The axis Rome – Los Angeles has always been very strong. Just think that the greatest Italian actors and producers have lived long periods in Hollywood. The first two that come to my mind are Sofia Loren and Dino De Laurentiis. But also Rome, between the 1950s and 1960s was a crossroads of the international jet set, represented by the splendid Via Veneto and told by one of our most famous directors, Federico Fellini in “La Dolce Vita”. Cinecittà represented a Hollywood on the Tiber.
Of course, time passes and things change naturally, but Italian cinema is a story that has interested the whole world and, despite the changes, we can still feel very satisfied. The Italian box office offers us continuous improvement in an international context crossed by global platforms, technological changes and new consumption habits. But the most significant figure is national production. In 2025 Italian films reached 32.7% of the collection and 33.3% of the attendance. A good news on the economic level and not only, is proof that the public loves cinema art.

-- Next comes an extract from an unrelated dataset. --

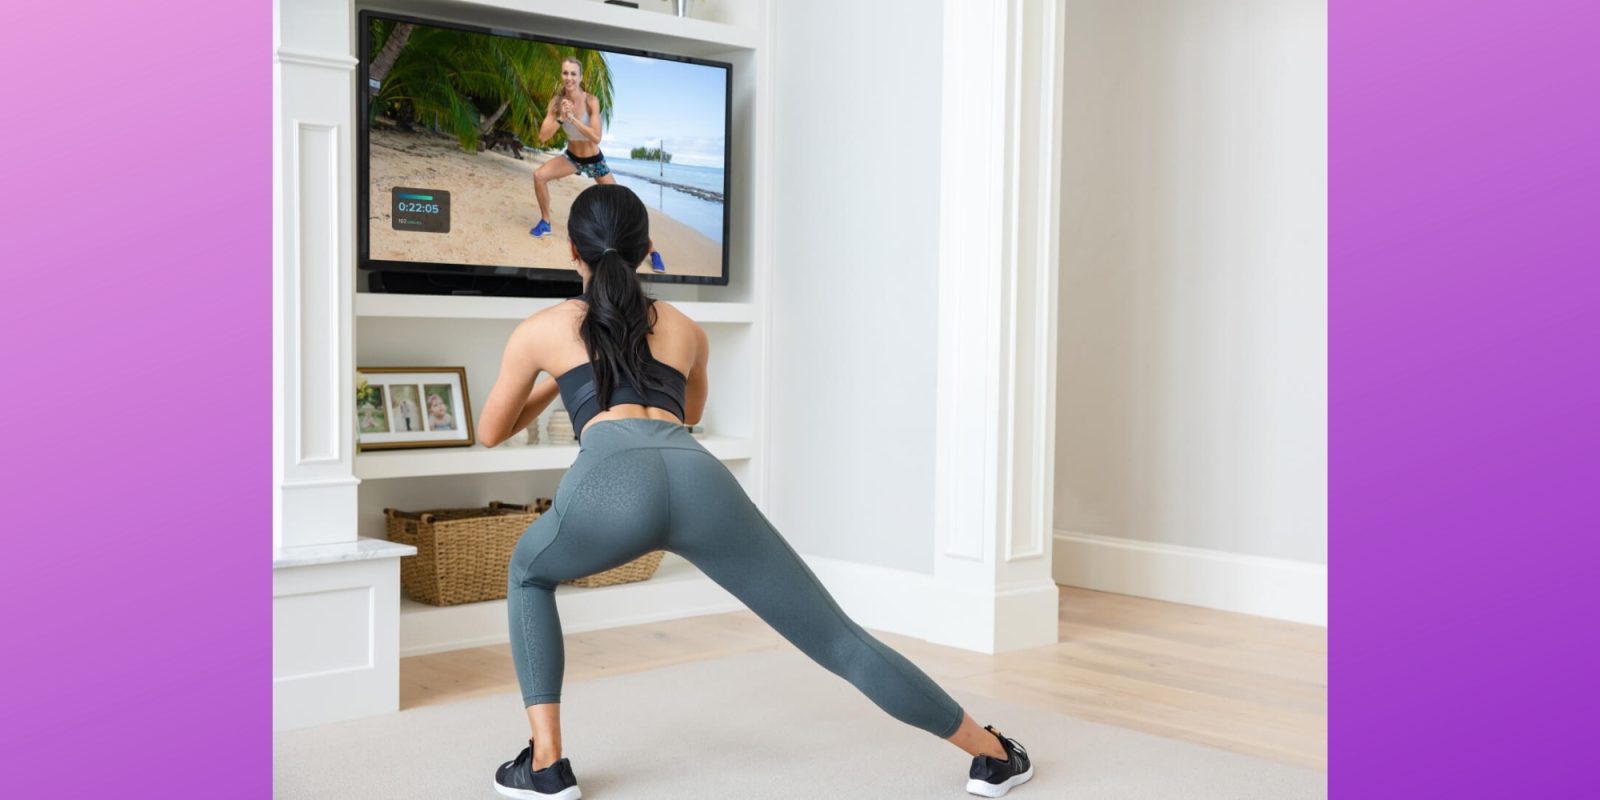 iFIT At-Home Workout & Fitness dans l'App Store

To fully understand the value of these numbers, we must remember that Italian cinema has gone through seasons of great battles. “No emotion is interrupted” is Fellini’s slogan against advertising interruptions in private TV films in the 1980s. While Hollywood consolidated its industrial domain and commercial television radically changed the media landscape, this slogan became the manifesto of a generation of authors. The film, supported the director, is not a container to break at will, but a flow of emotions, with its own rhythm and its own inner music. In those years, free television was asserting itself thanks to the intuition of Silvio Berlusconi, at the time visionary entrepreneur able to build in a few years a media empire with Channel 5, Italy 1 and Retequattro. Then with the acquisition of the Cineriz da Rizzoli catalogue, in 1983, he scored a watershed: entire film library passed under the control of a private television subject, free to program and interrupt them according to market logic. The conflict exploded openly in 1985, when Fellini denounced Channel 5 for airing his films with advertising inserts. His battle also found consensus in a political part: the Italian Communist Party first, and the Democratic Party of the Left, then, made the slogan in the 1995 referendum campaign against interruptions in films. The result was clearly in favor of the commercials with 55,77% of the Italians who chose no. Fellini died in 1993, so he could not witness this epilogue. Moreover, with the advent of free TV, the films also became so accessible to all. No cost.

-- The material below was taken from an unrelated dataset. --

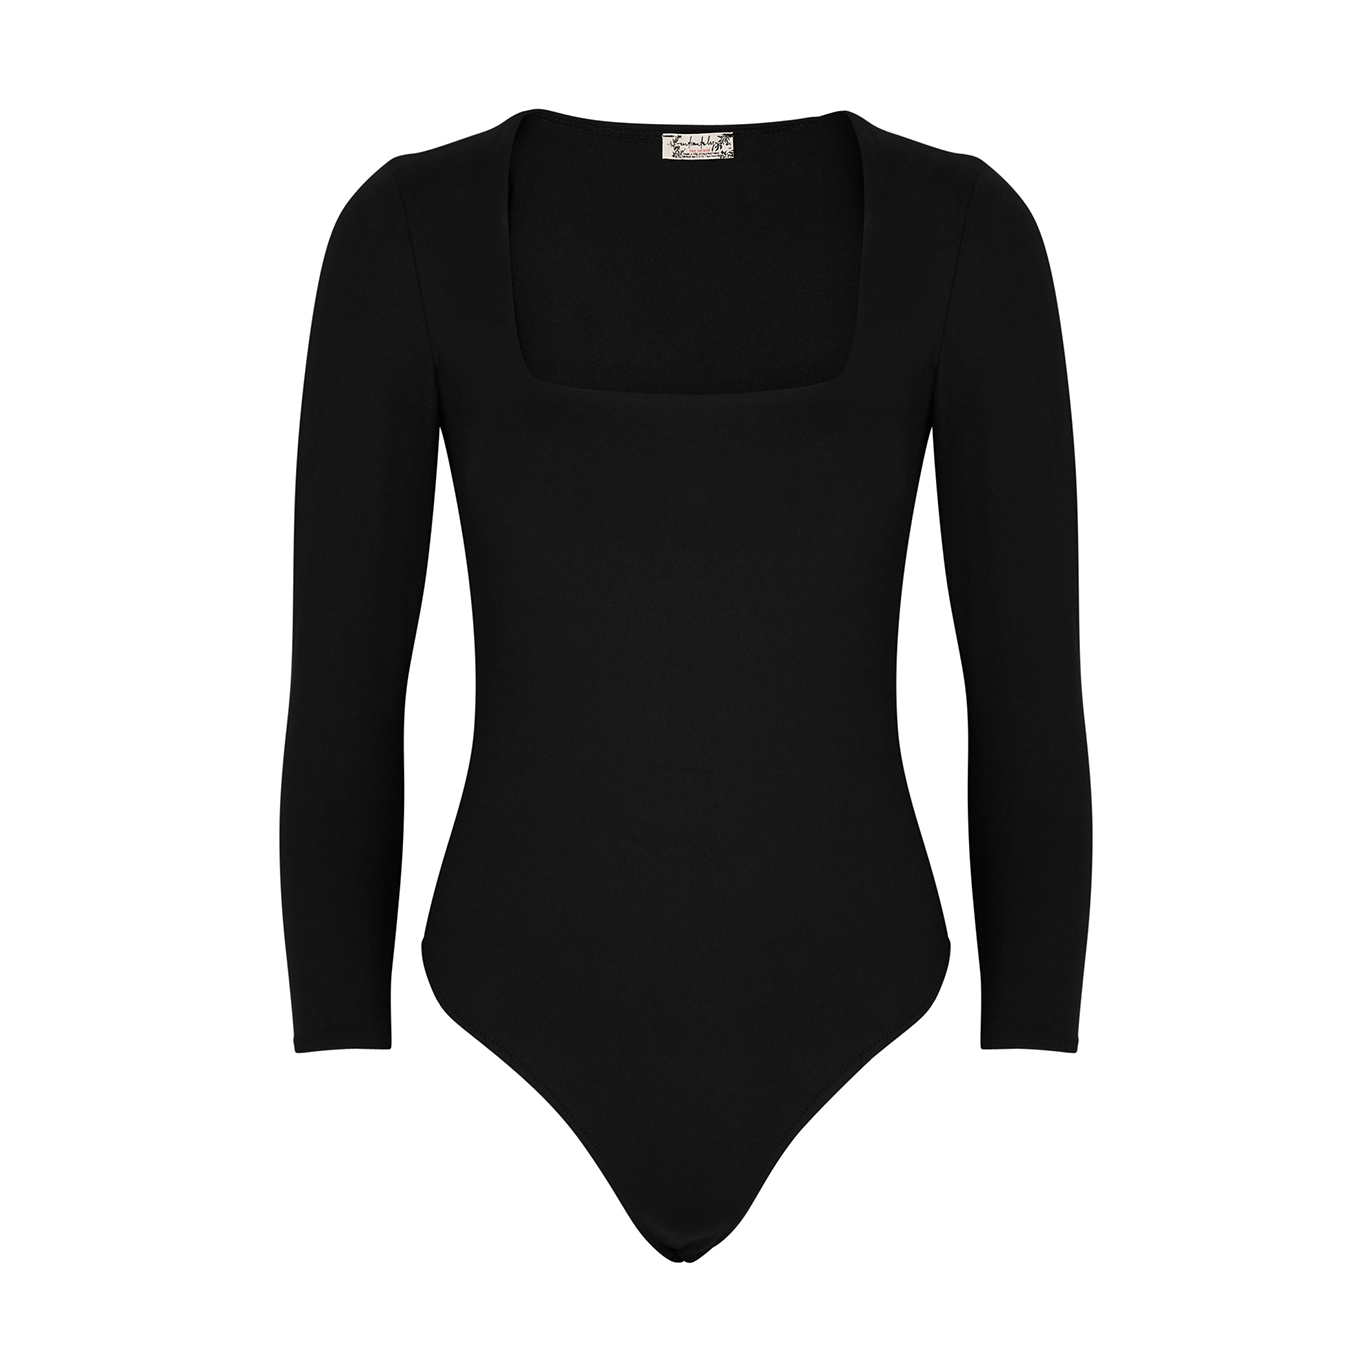 Free People Truth Or Square Black Stretch-jersey Bodysuit - XS

Thinking about it today seems like a movie thinking about that battle. Yet, history has reserved unexpected developments. In the following years, the Mediaset group has promoted important restorations of the great Italian classics, bringing in the hall and international museums masterpieces of directors like Rossellini, Visconti, Pasolini, as well as Fellini himself. One of these is the project “Cinema Forever”, which allowed a high impact cultural enhancement operation. Restored films have traveled to Moma in New York, reaffirming the role of Italy as an indispensable reference in the history of world cinema.

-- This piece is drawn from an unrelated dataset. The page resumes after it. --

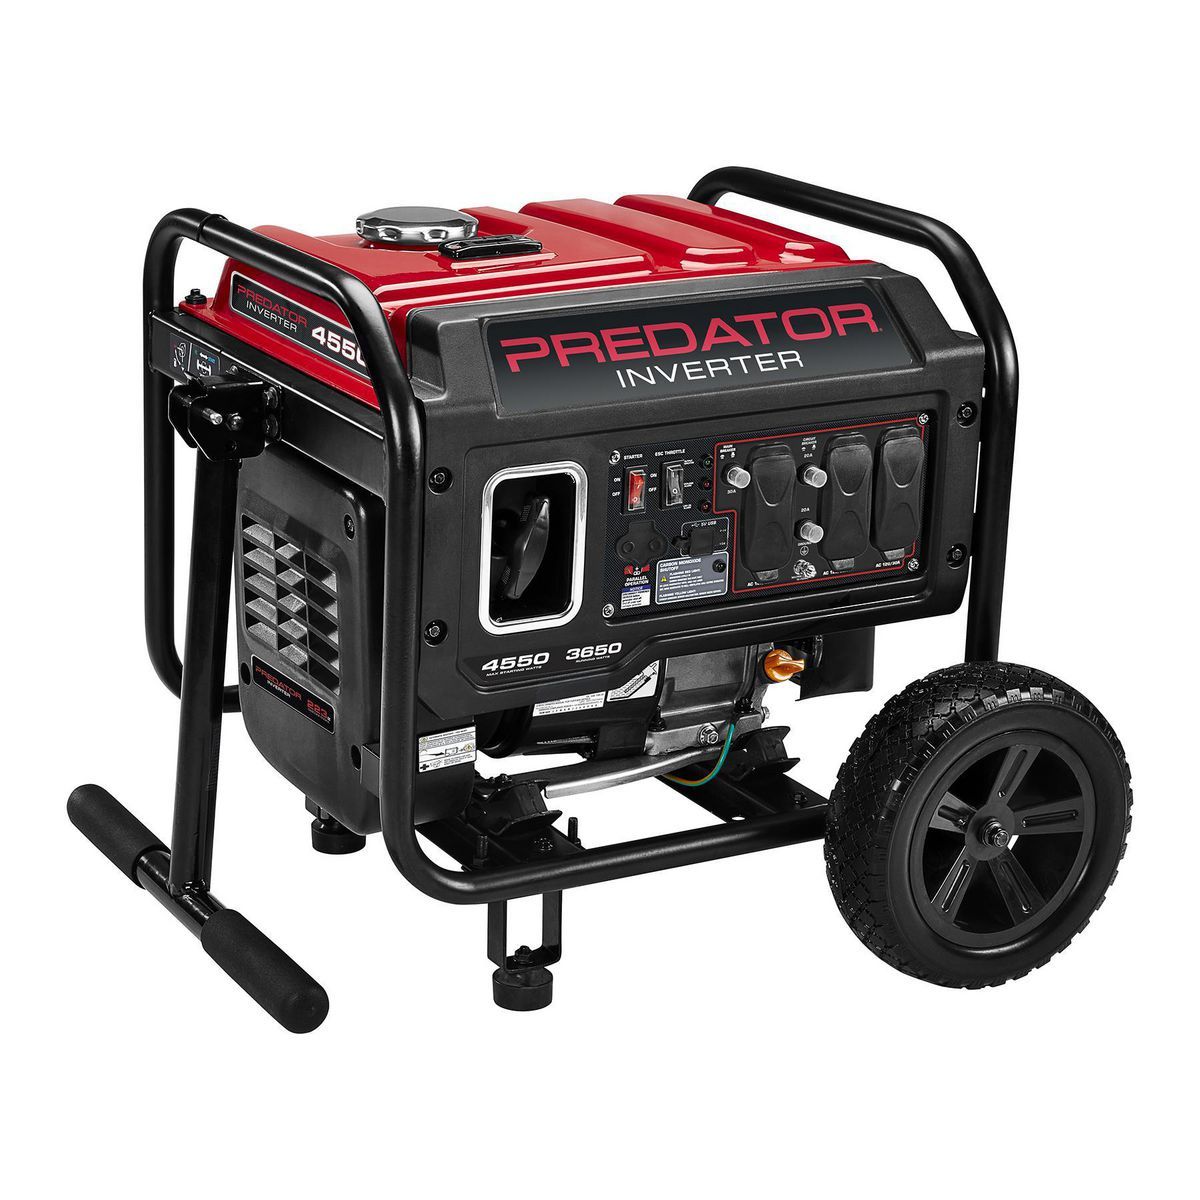 4550 Watt Inverter Generator with CO SECURE Technology, CARB

Looking at the current scenario, Italian cinema would probably need more private investors who join the public facilitation system so as to encourage production and give a greater sprint to the virtuous economic flywheel that revolves around the cinema art.
While America has represented for decades the dominant production model, Italy has offered an authorial look marked by a certain narrative depth, and narrative capacity that has influenced generations of American filmmakers and not only. Dialogue always remains the best form of virtuous contamination.
L’articolo Roma–Hollywood, the golden thread of cinema proviene da IlNewyorkese.